Der Cooper-Test ist der häufigste Test zur Ermittlung der anaeroben Ausdauerleistungsfähigkeit

Prinzip:

  • 12-Minuten-Lauf
  • Durchführung meist auf 400m Bahn
  • anhand der Laufstrecke werden Schlüsse auf die Ausdauerleistungsfähigkeit gezogen
  • Wertung der Leistung anhand von Tabellen

Problem:

  • es muss über 12 Minuten ein relativ hohes Tempo gehalten werden
  • die Belastung überschreitet die aerob-anaerobe Schwelle
  • die Probanden müssen ihre Leistungsfähigkeit gut einschätzen können um 12 Minuten durchhalten zu können (schwierig für "Laien")
  • die Probanden müssen bereit sein sich zu quälen
30-Minuten-Test

Der 30 MInuten-Test ist neues Testverfahren für die Schule als Alternative zum Cooper-Test

Prinzip:

  • die Belastungsdauer beträgt 30 Minuten
  • die Belastung liegt unterhalb der anaeroben Schwelle (Positiv für "Laien")
  • die Probanden sollen ein gleichmäßiges, individuell angemessenes Tempo laufen ( Bonuspunkte)
  • die Wertung erfolgt anhand von Leistungstabellen
Conconi-Test

Der Conconi-Test ist ein Kontroll- bzw.
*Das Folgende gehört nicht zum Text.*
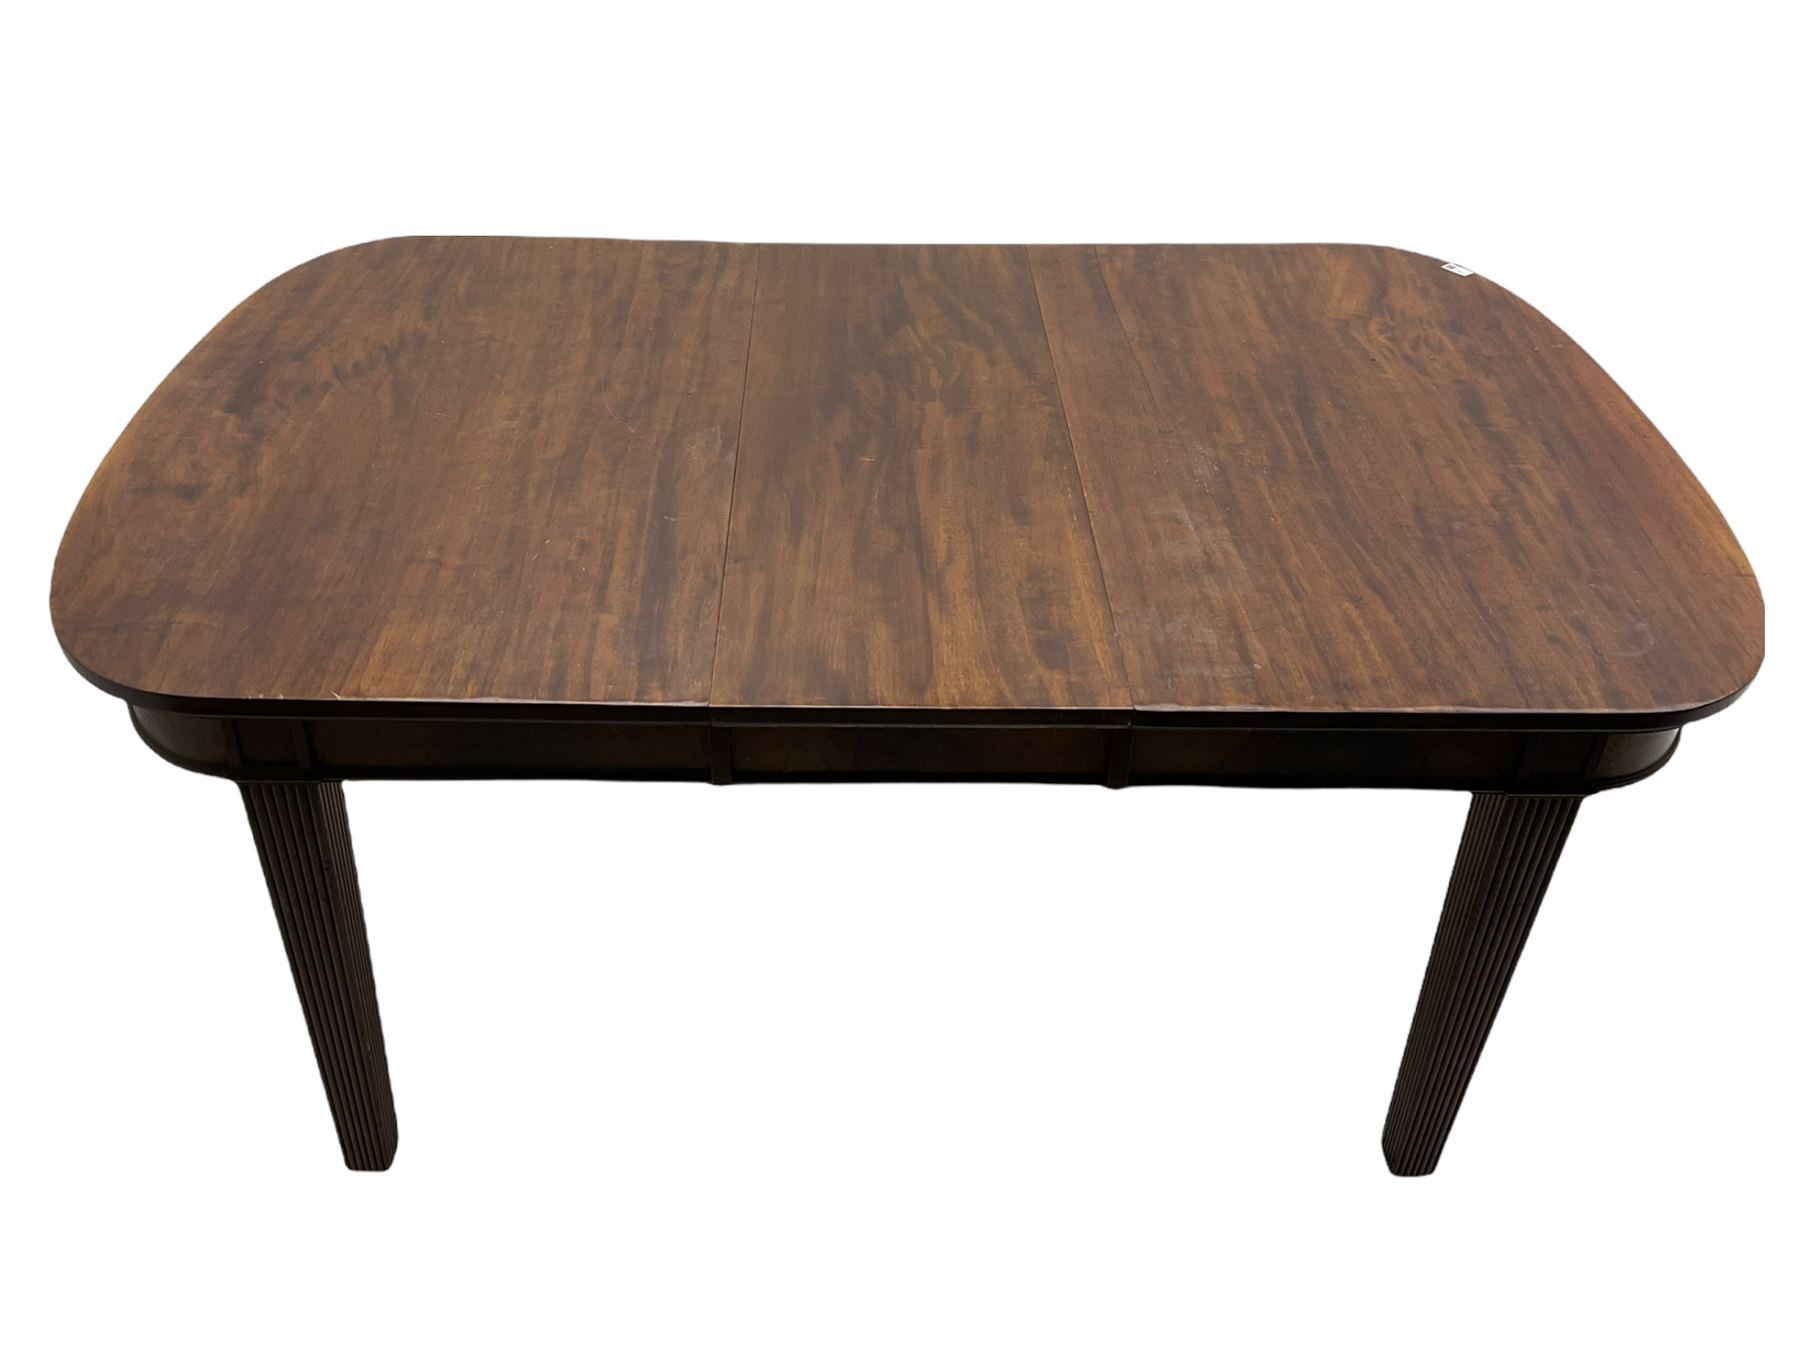 19th century mahogany extending dining table with leaf - Image 9 of 11
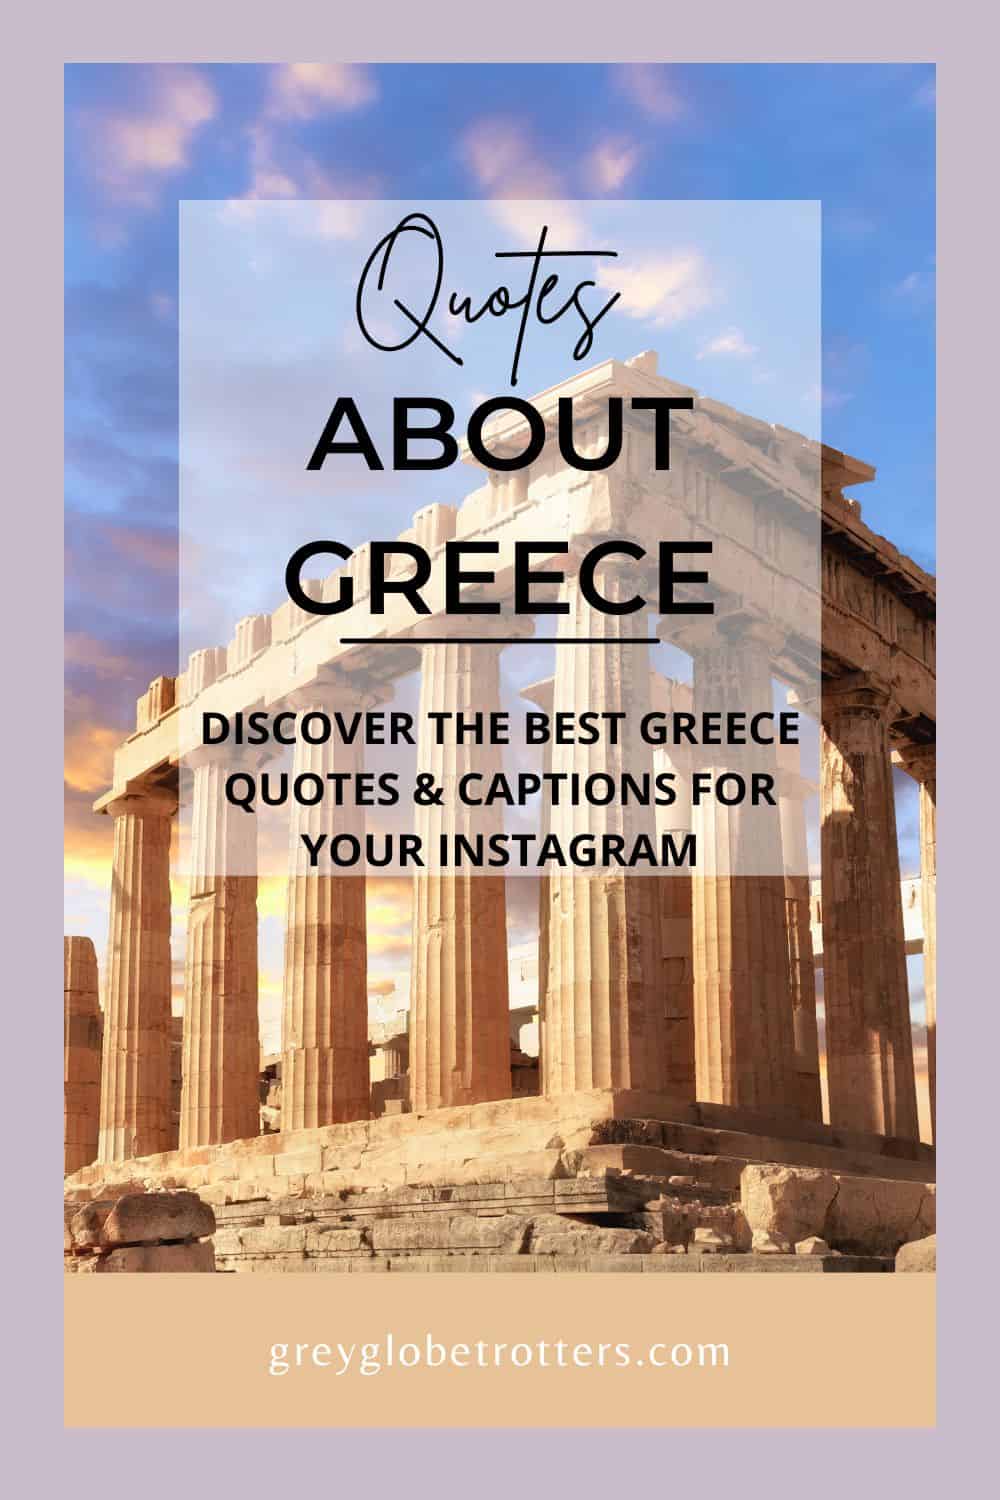 Image of the Parthenon overlaid with writing saying Discover the best Greece Quotes
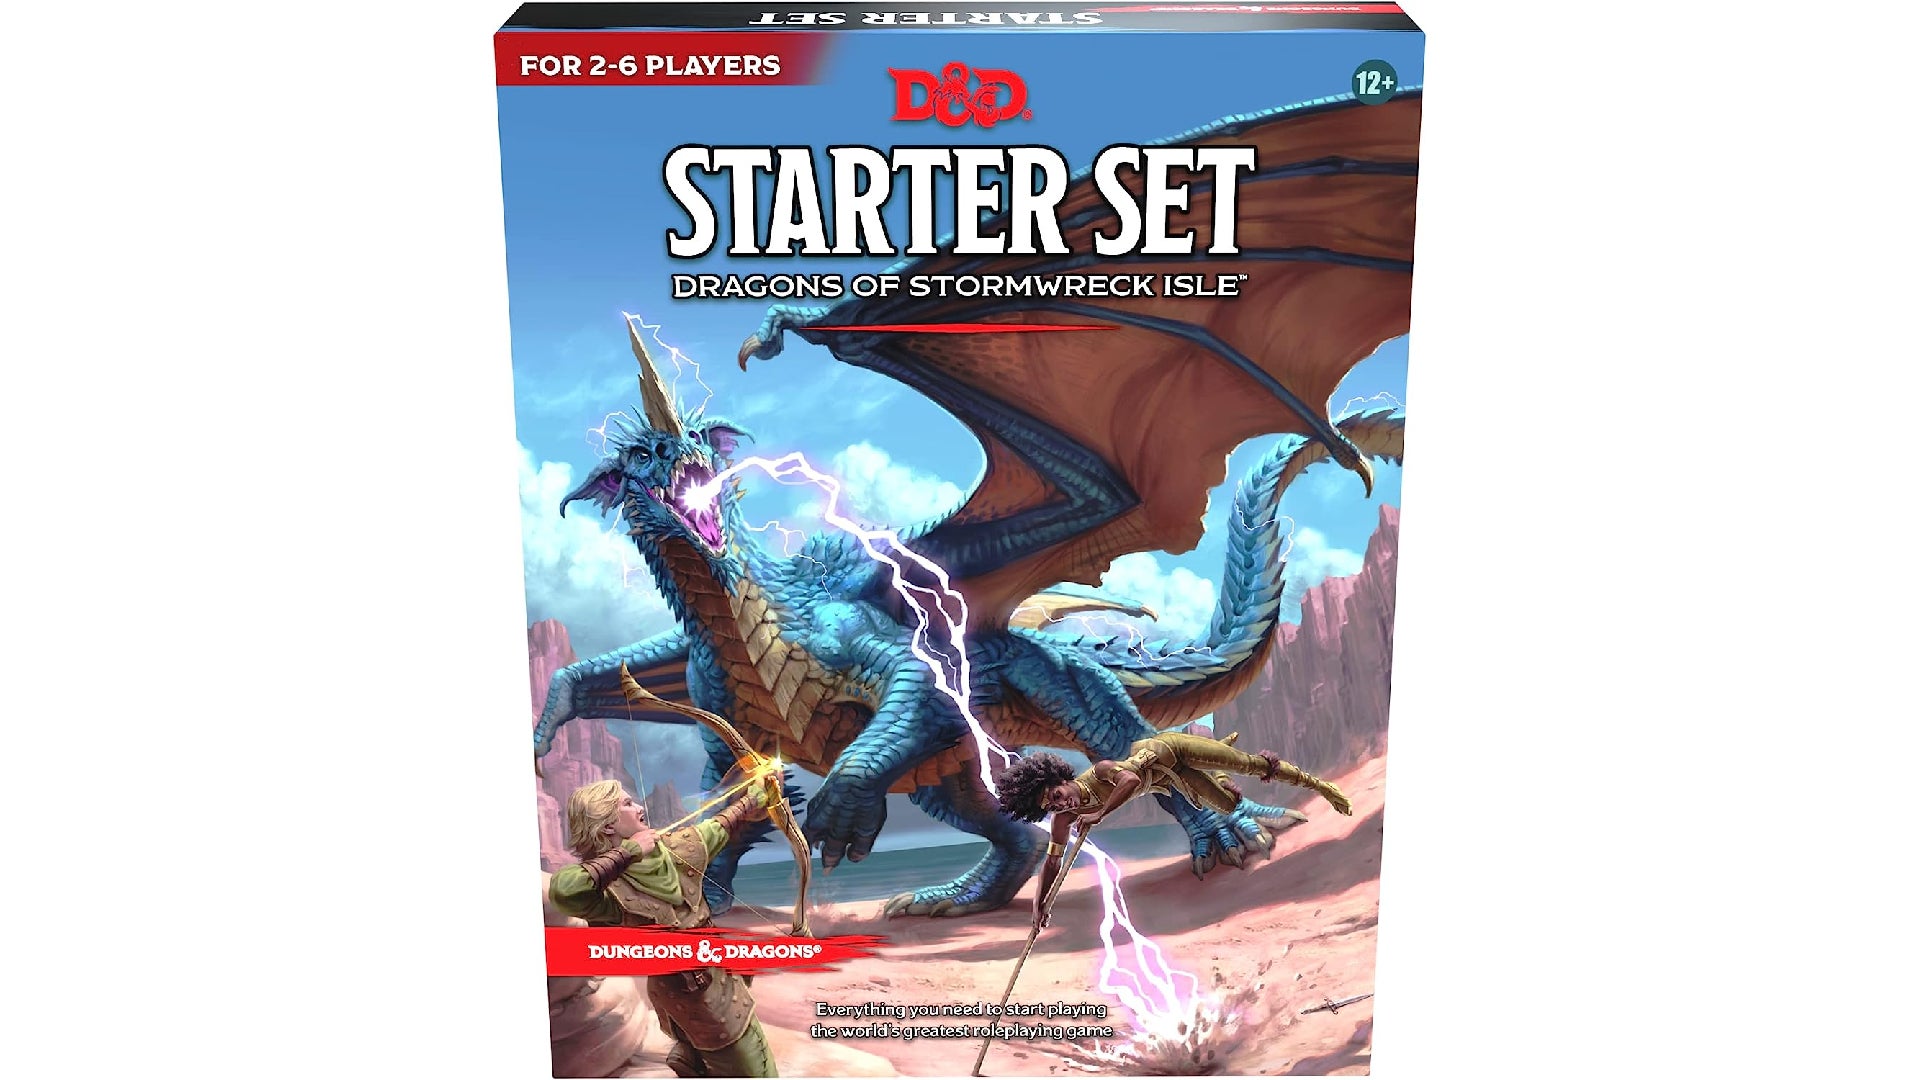 The Cover art of the D&amp;D 5E Starter Set Stormwreck Isle
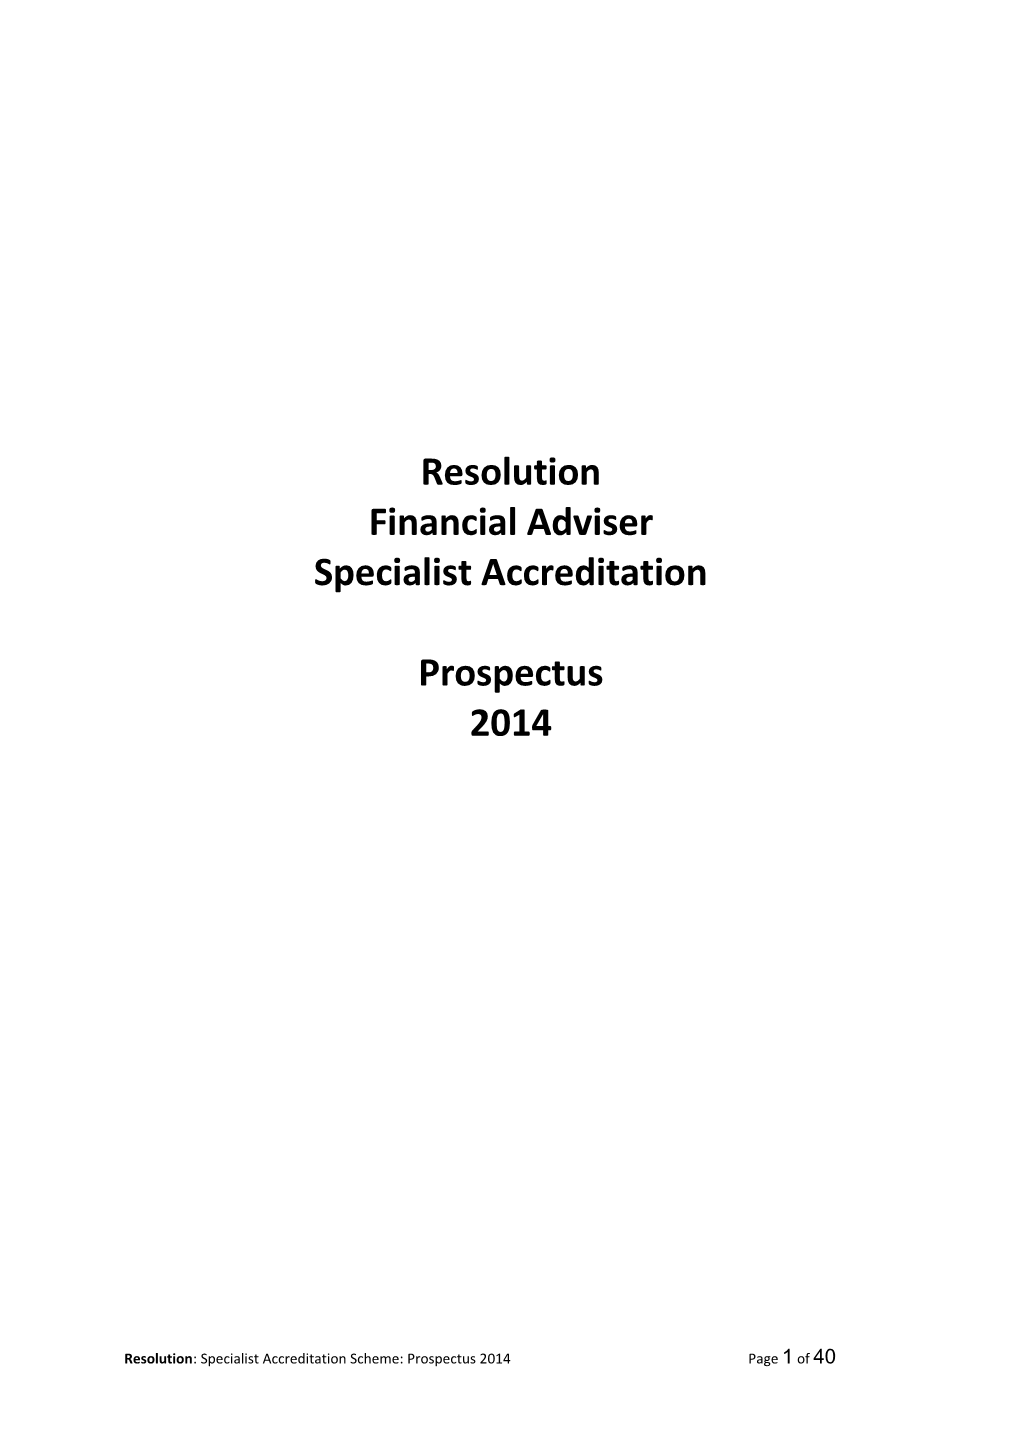 What Is Financial Adviser Specialist Accreditation?
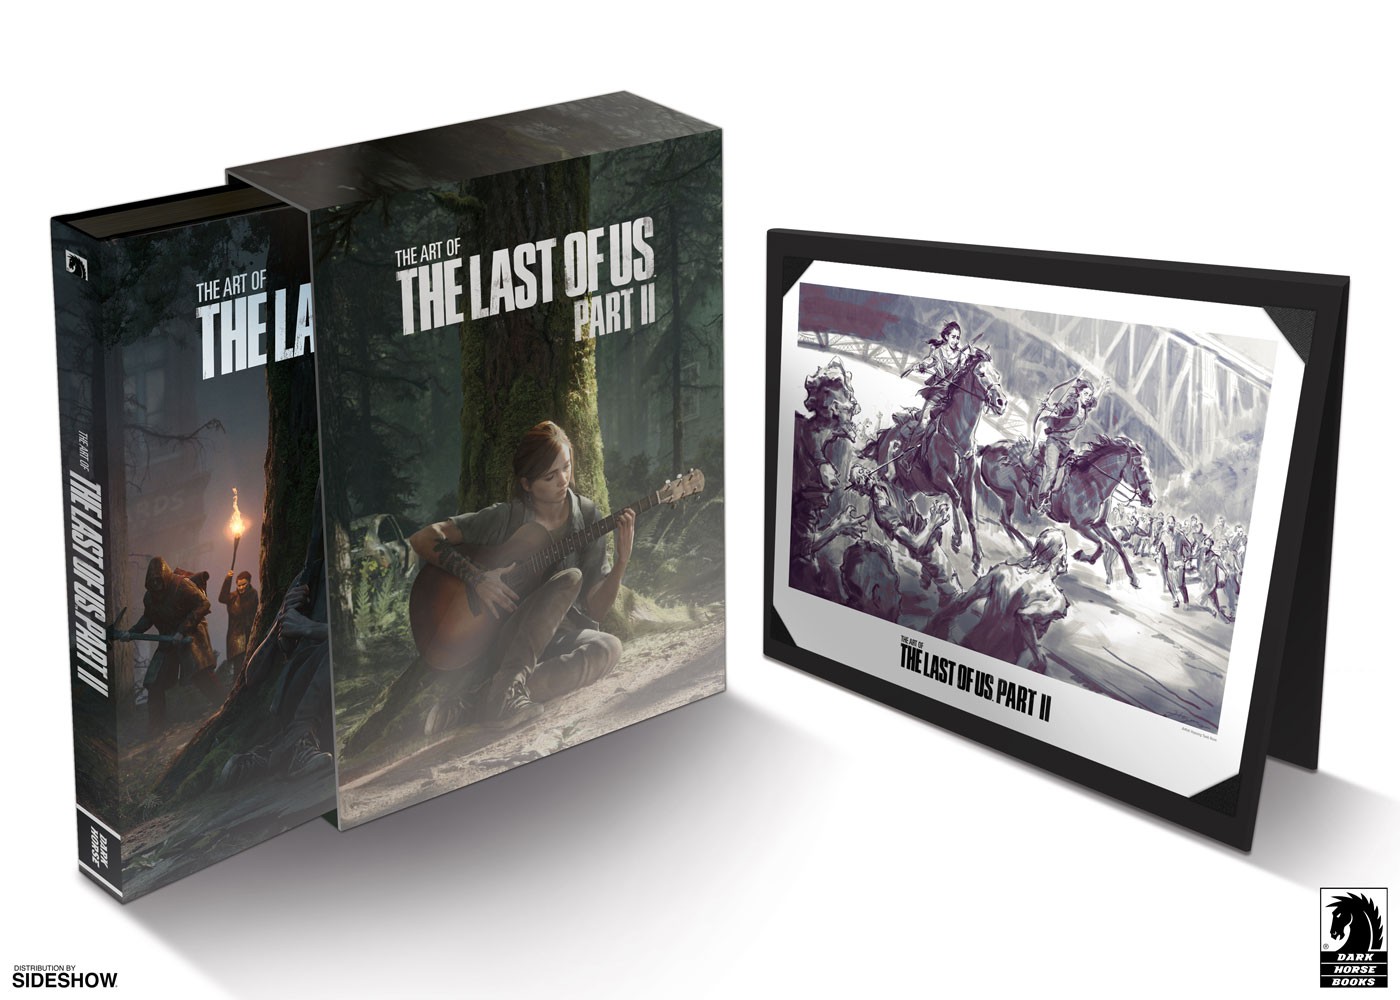 The Art of The Last of Us Part II (Deluxe Edition) (Prototype Shown) View 1

Testverfahren für die Ausdauerleistungsfähigkeit mit Hilfe der Herzfrequenz. Anhand der Herzfrequenzleistungskurve können verschiedene Aussagen gemacht werden:

  • bei welcher Leistung die aerob-anaerobe Schwelle erreicht wird
  • wie die aerobe Leistungsfähigkeit ist
  • welche Veränderungen der Leistungsfähigkeit innerhalb eines Trainingszyklus stattgefunden haben
  • man kann anhand der der Schwellenwertleistung die Belastungsintensität im Ausdauertraining festlegen

Prinzip des Tests:

  • zwischen Belastungsintensität und Herzfrequenz besteht bei kontinuierlich gesteigerter Belastung ein linearer Bezug
  • ab einer bestimmten Laufintensität kommt es zum Knick in der Herzfrequenzkurve
  • der "Knick" markiert die anaerobe Schwelle, wobei die Energiegewinnung gerade noch aerob erfolgt

Durchführung:

  • jeder Teilnehmer bekommt Herzfrequenzmessgerät
  • es wird auf einer 400m-Bahn gelaufen
  • mit geringen Tempo starten (z.B. 9 km/h)
  • alle 200m das Tempo um 0,5 km/h steigern. Tempokontrolle bzw. -steuerung entweder über Zeitvorgaben für 200m oder besser durch Fahrrad mit Tachometer.
  • sobald ein Teilnehmer das Tempo nicht mehr halten kann, steigt er aus

Auswertung:

  • in ein Koordinatensystem werden die Wertepaare Laufgeschwindigkeit und Herzfrequenz eingetragen. Es ergibt sich eine Kurve, die zuerst linear steigt und dann einen Knick hat. Je besser die Person trainiert ist, desto höher liegt dieser Knick. Führt man diesen Test nach einer Trainingsphase (ca. 6 Wochen)erneut aus, sollte der Leistungszuwachs aus der Kurve ersichtlich werden (Ver-schiebung des Knicks nach rechts und nach oben).

Vorteile:

  • es kommt zu keiner völligen Ausbelastung
  • die Testperson bricht ab, sobald sie nicht mehr kann. Sie muss über längere Zeiträume unter anaerob-laktazider Energiegewinnung laufen.
Literatur

Weineck, J. (2004). Sportbiologie (4. Auflage). Balingen: Spitta.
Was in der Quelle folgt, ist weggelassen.